PROVIDED ENTRIES ::
※ ※ ※

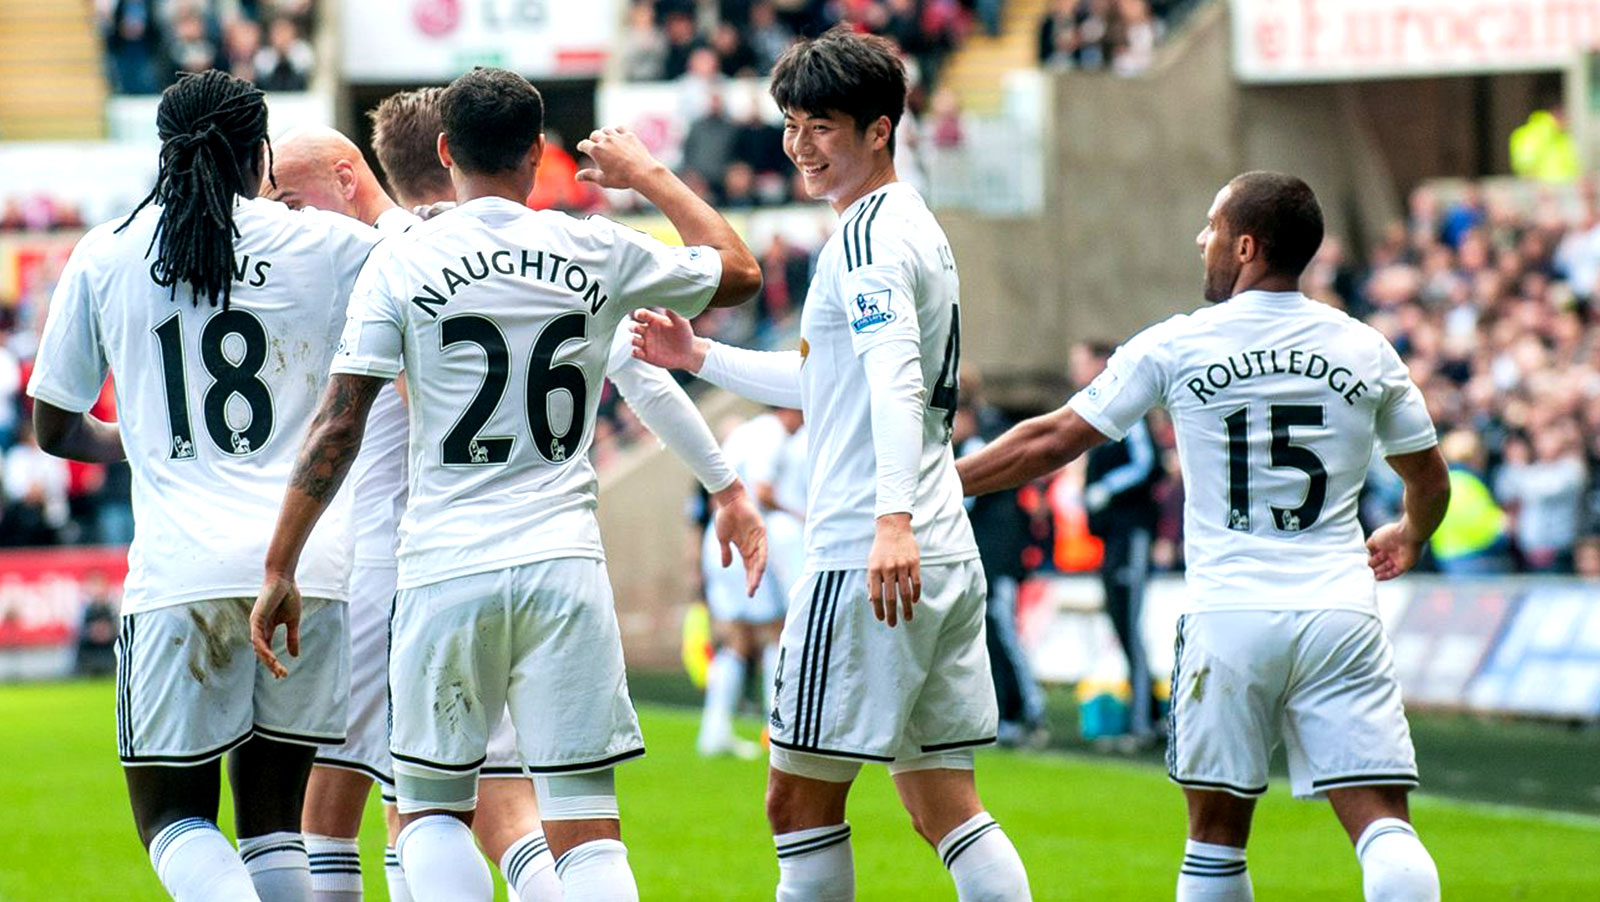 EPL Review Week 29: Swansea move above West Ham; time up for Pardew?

※ ※ ※

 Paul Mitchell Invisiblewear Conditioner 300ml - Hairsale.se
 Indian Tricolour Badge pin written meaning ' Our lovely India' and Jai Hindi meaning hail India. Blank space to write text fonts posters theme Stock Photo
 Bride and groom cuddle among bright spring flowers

※ ※ ※

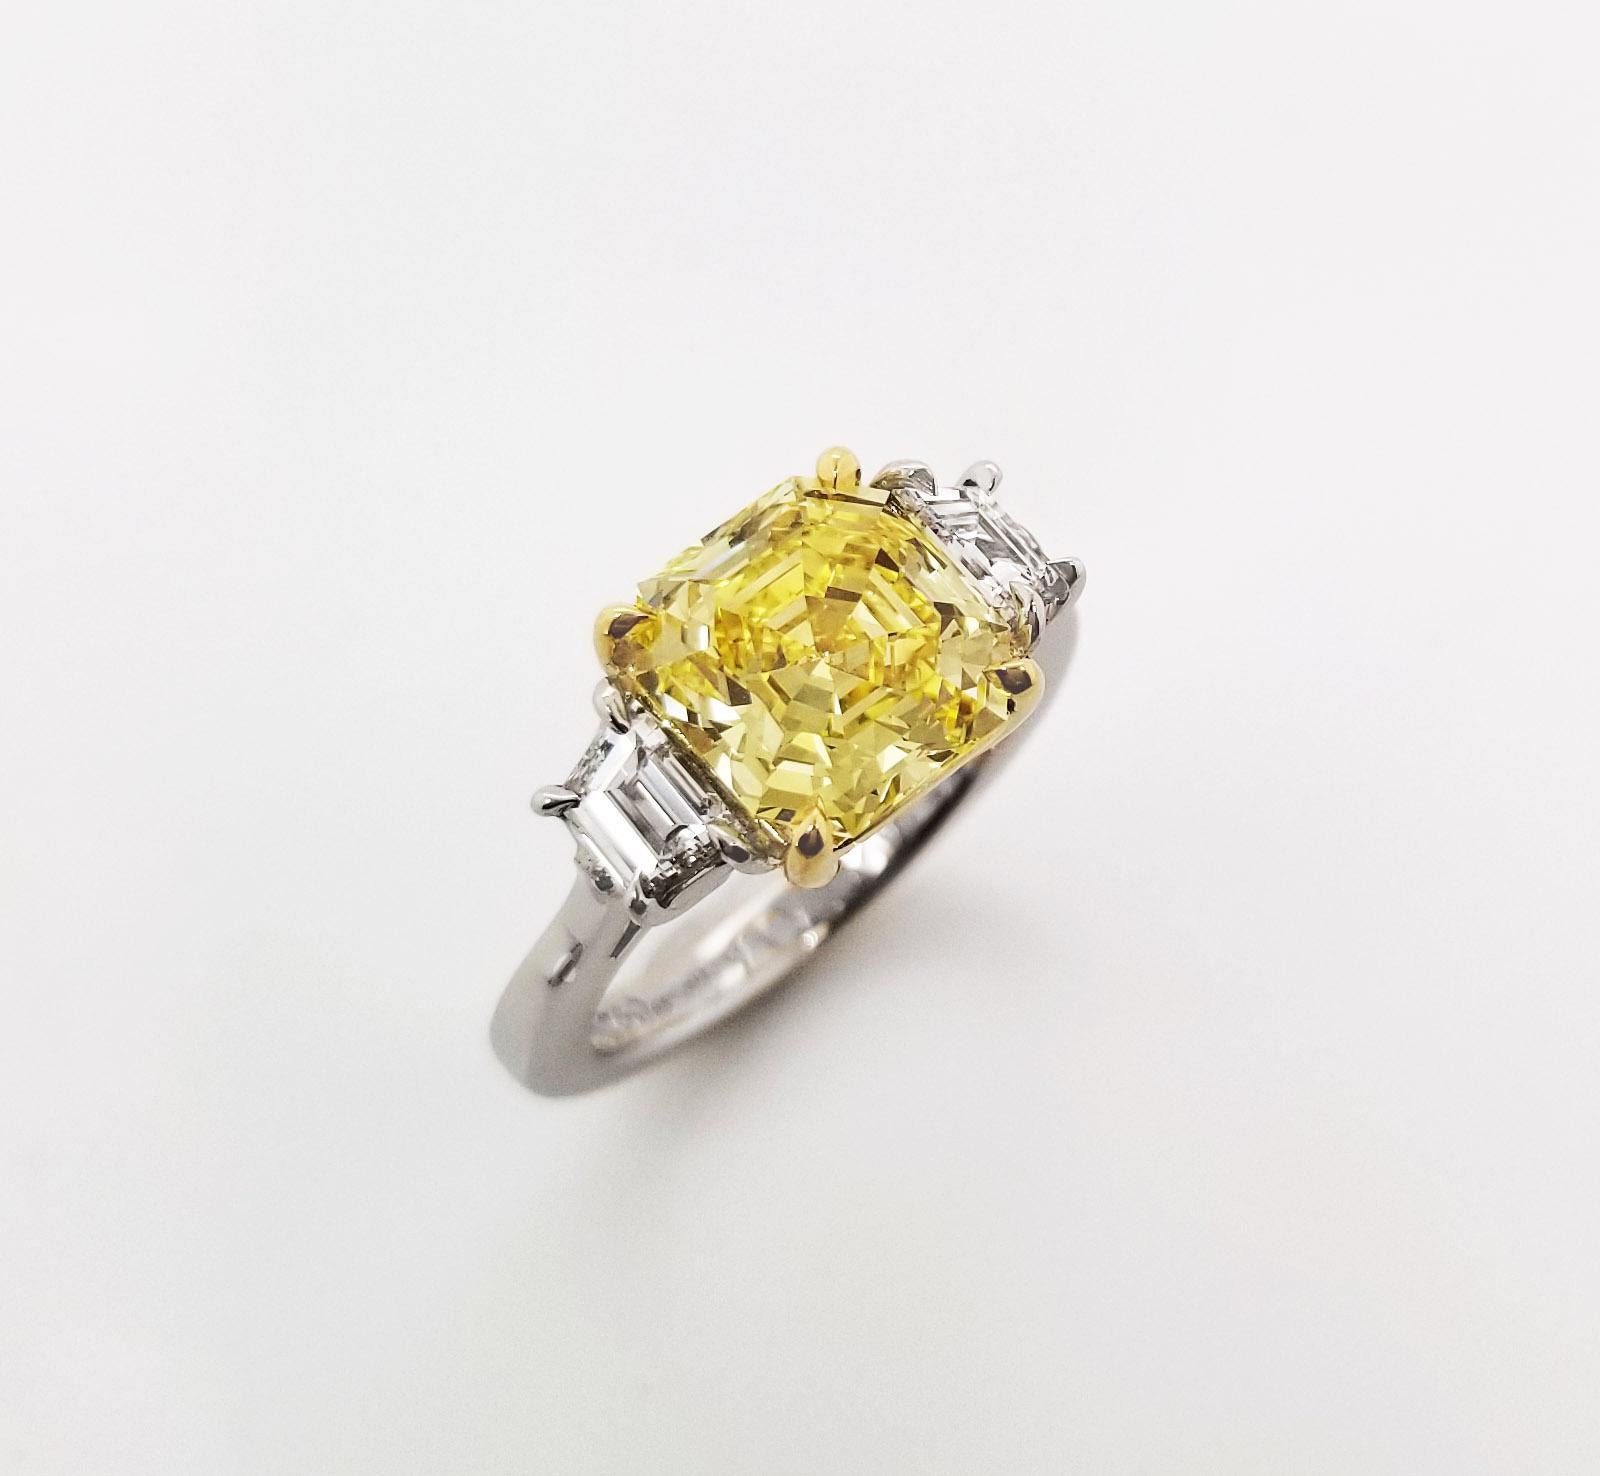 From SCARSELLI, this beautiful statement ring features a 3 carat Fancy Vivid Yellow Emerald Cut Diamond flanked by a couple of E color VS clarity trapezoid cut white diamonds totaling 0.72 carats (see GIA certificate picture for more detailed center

※ ※ ※

TASK TO CARRY OUT ::
The response should be the listing above, limited to the lines between the one holding "Indian Tricolour Badge" and the one holding "Bride and groom", inclusive, reproduced exactly.

ANSWER SECTION ::
 Indian Tricolour Badge pin written meaning ' Our lovely India' and Jai Hindi meaning hail India. Blank space to write text fonts posters theme Stock Photo
 Bride and groom cuddle among bright spring flowers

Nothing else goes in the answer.